- TASK STATEMENT
Print the listing below exactly, minus its pictures.

- RECORDED INFORMATION

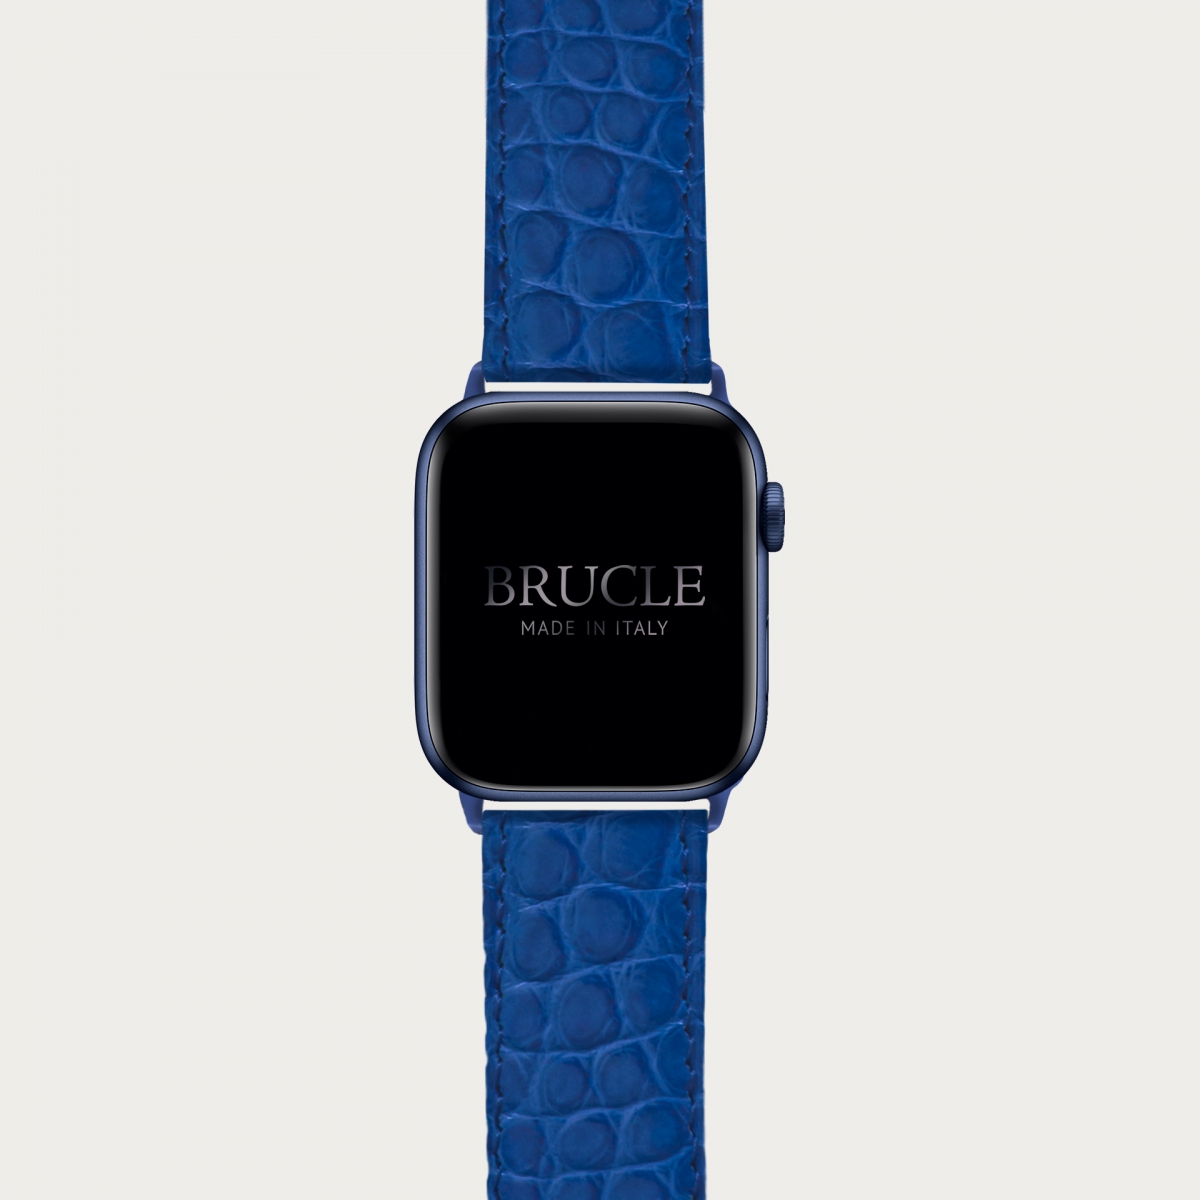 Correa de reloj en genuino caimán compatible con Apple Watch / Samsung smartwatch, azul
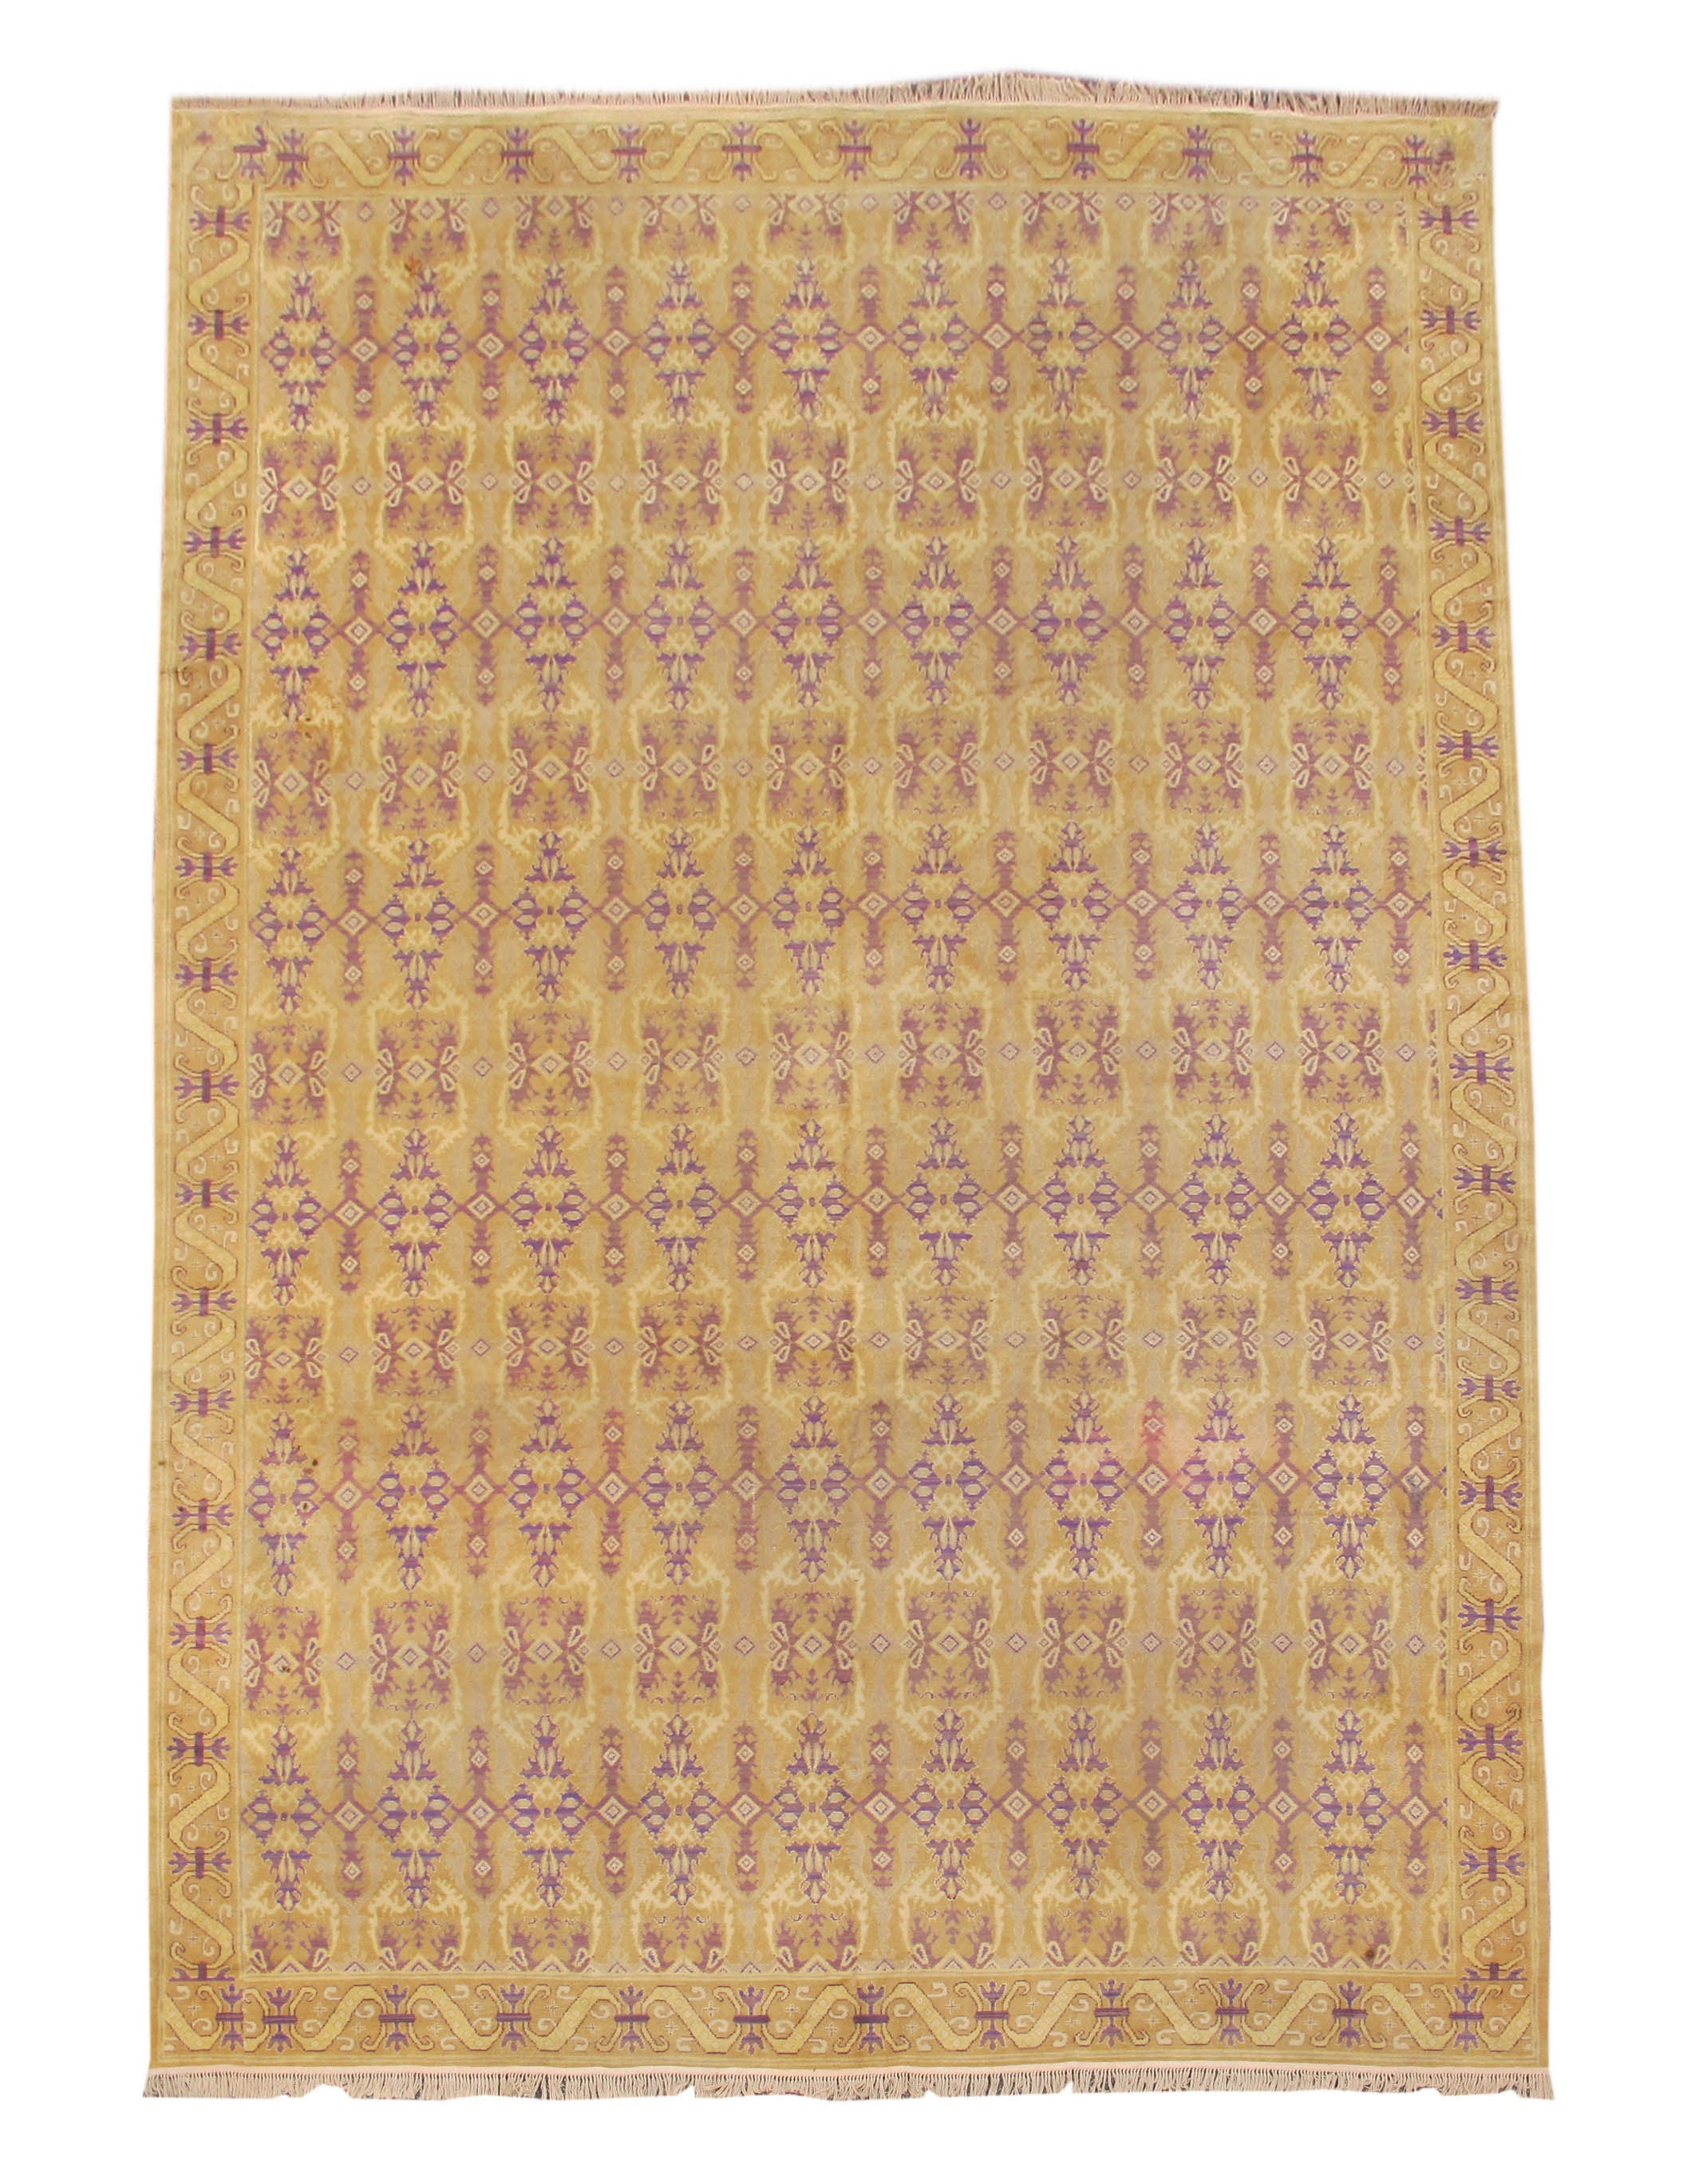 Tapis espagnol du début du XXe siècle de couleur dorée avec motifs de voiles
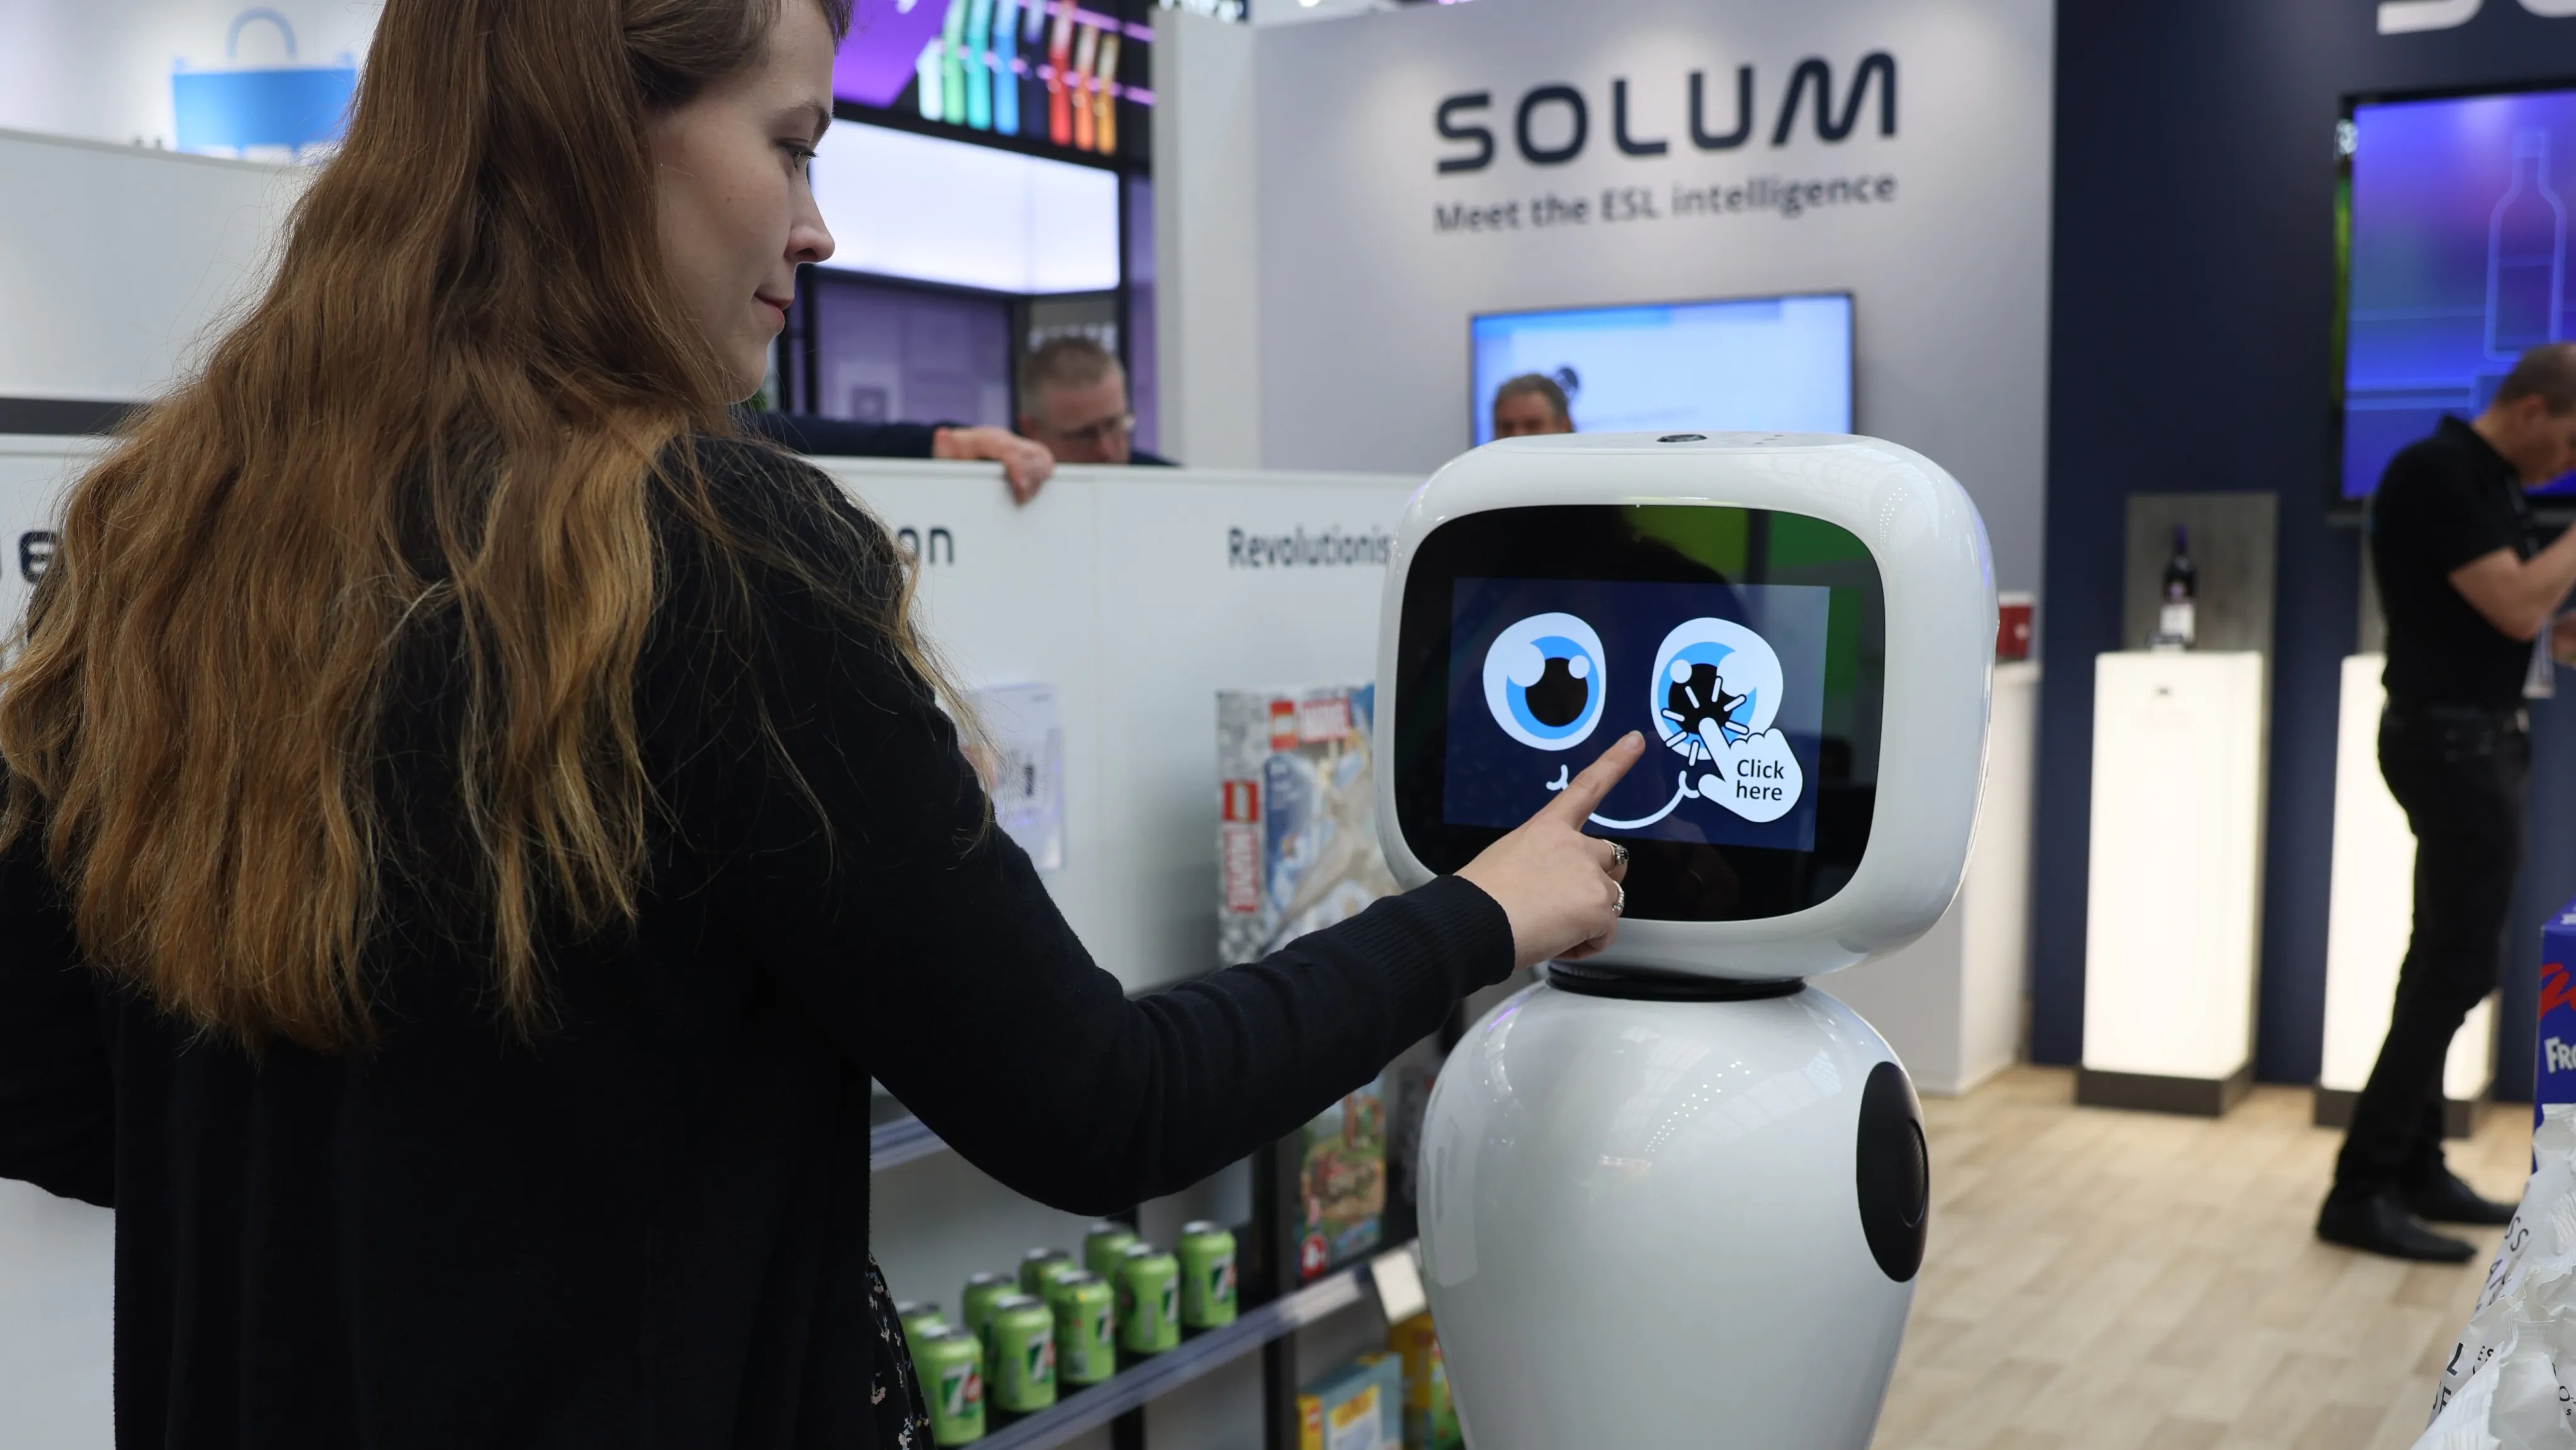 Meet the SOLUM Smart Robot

- OUTPUT OF THE TASK
 Correa de reloj en genuino caimán compatible con Apple Watch / Samsung smartwatch, azul
 Tapis espagnol du début du XXe siècle de couleur dorée avec motifs de voiles
 Meet the SOLUM Smart Robot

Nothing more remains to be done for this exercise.